Todays microcontrollers are already capable of processing real-time audio. But if you want to bring down the latency as low as possible, you can use an FPGA – its even faster than modern DSPs that typical use several samples as buffer. The following logic contains a stereo dynamic compressor with controllable threshold, ratio and makeup-gain.

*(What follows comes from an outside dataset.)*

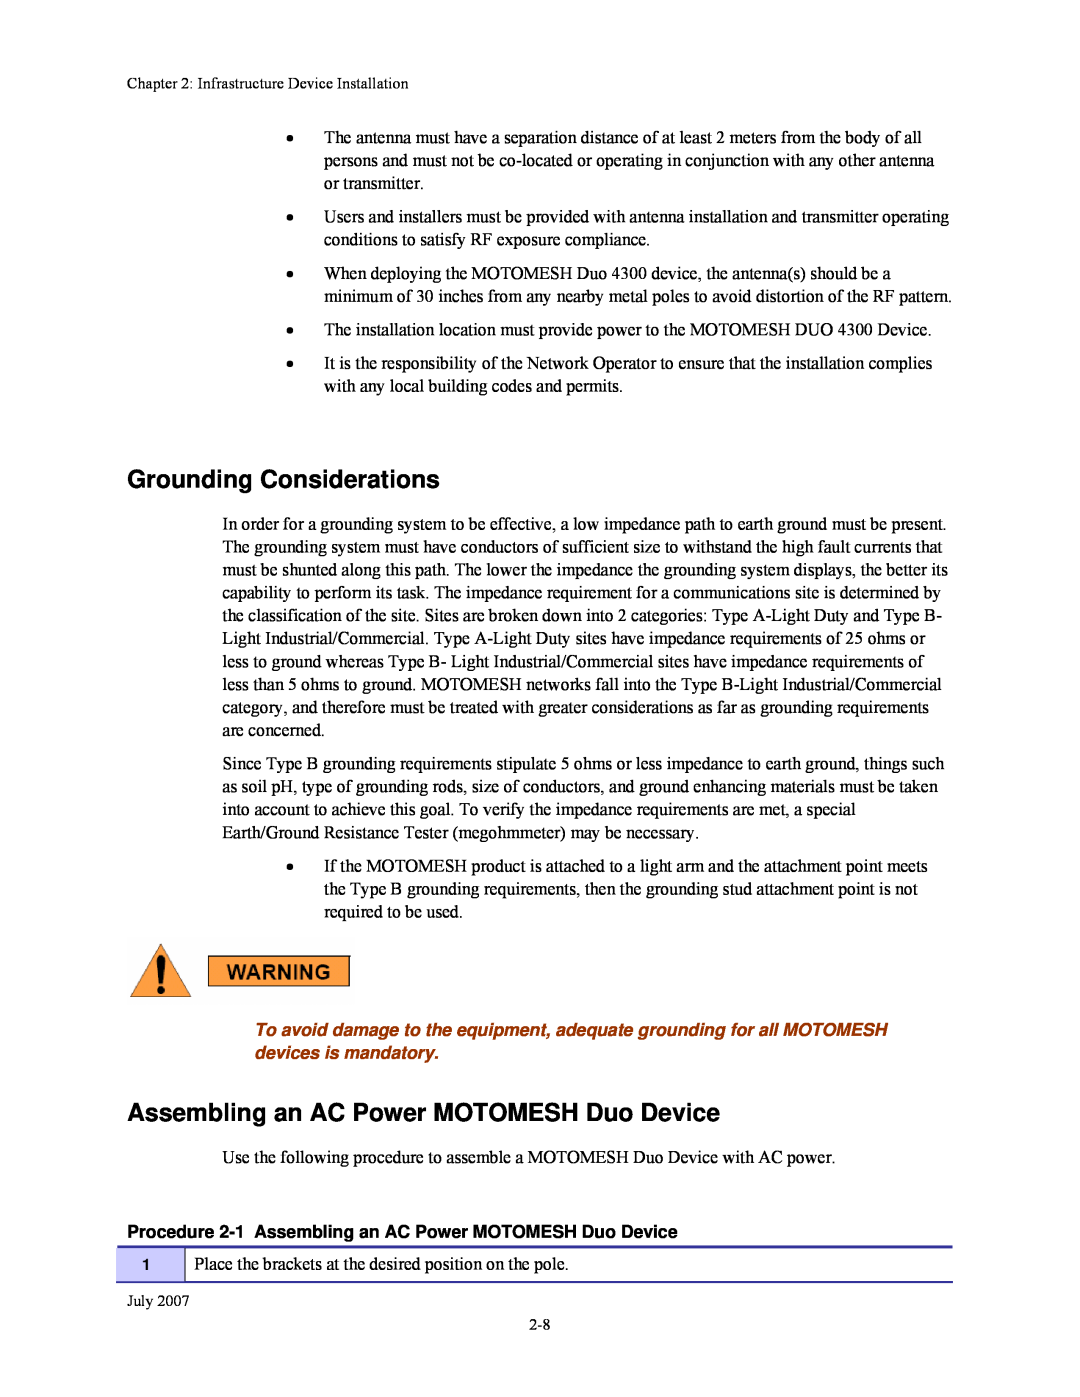 Nikon 4300 manual Grounding Considerations, Assembling an AC Power MOTOMESH Duo Device

This logic will set the output to a specific maximum gain-value depending on a specific maximum threshold. The gain-change will be filtered by a first-order low-pass filter for which two coefficients (for attack and release) have to be set. The calculation of the coefficients and the other parameters can be found down below. For more information have a look at my X/FBAPE-project on GitHub: https://www.github.com/xn--nding-jua/xfbape
VHDL
-- Stereo Compressor/Limiter Filter
-- Christian Noeding, christian@noeding-online.de
-- https://chrisdevblog.com | https://github.com/xn--nding-jua
--
-- Released under GNU General Public License v3
library ieee;
use ieee.std_logic_1164.all;
use ieee.std_logic_unsigned.all;
use ieee.numeric_std.all; -- lib for unsigned and signed
entity compressor_stereo is
generic (
bit_width : natural range 16 to 48 := 24;
threshold_bit_width : natural range 16 to 48 := 24
);
port (
clk : in std_logic := '0';
sample_l_in : in signed(bit_width - 1 downto 0) := (others=>'0');
sample_r_in : in signed(bit_width - 1 downto 0) := (others=>'0');
sync_in : in std_logic := '0';
threshold : in unsigned(threshold_bit_width - 1 downto 0) := (others=>'0'); -- threshold with bitdepth of sample, that will be used to check the audio-level (between 0 and 8388608)
ratio : in unsigned(7 downto 0) := (others=>'0'); -- ratio of gain-reduction (0=1:1, 1=2:1, 2=4:1, 3=8:1, 4=16:1, 5=32:1, 6=64:1, ...)
makeup : in unsigned(7 downto 0) := (others=>'0'); -- makeup-gain. (0=x1, 1=x2, 2=x4, 3=x8, 4=x16, 5=x32, 6=x64, 7=x128, 8=x256, ...)
coeff_attack : in signed(15 downto 0); -- Q15-format, 1 bit sign, 0 bit for integer-part, 15 bit for fraction-part
hold_ticks : in unsigned(15 downto 0) := (others=>'0'); -- 16 bit value for hold_counter = 0...65535/48000 [0...1365ms]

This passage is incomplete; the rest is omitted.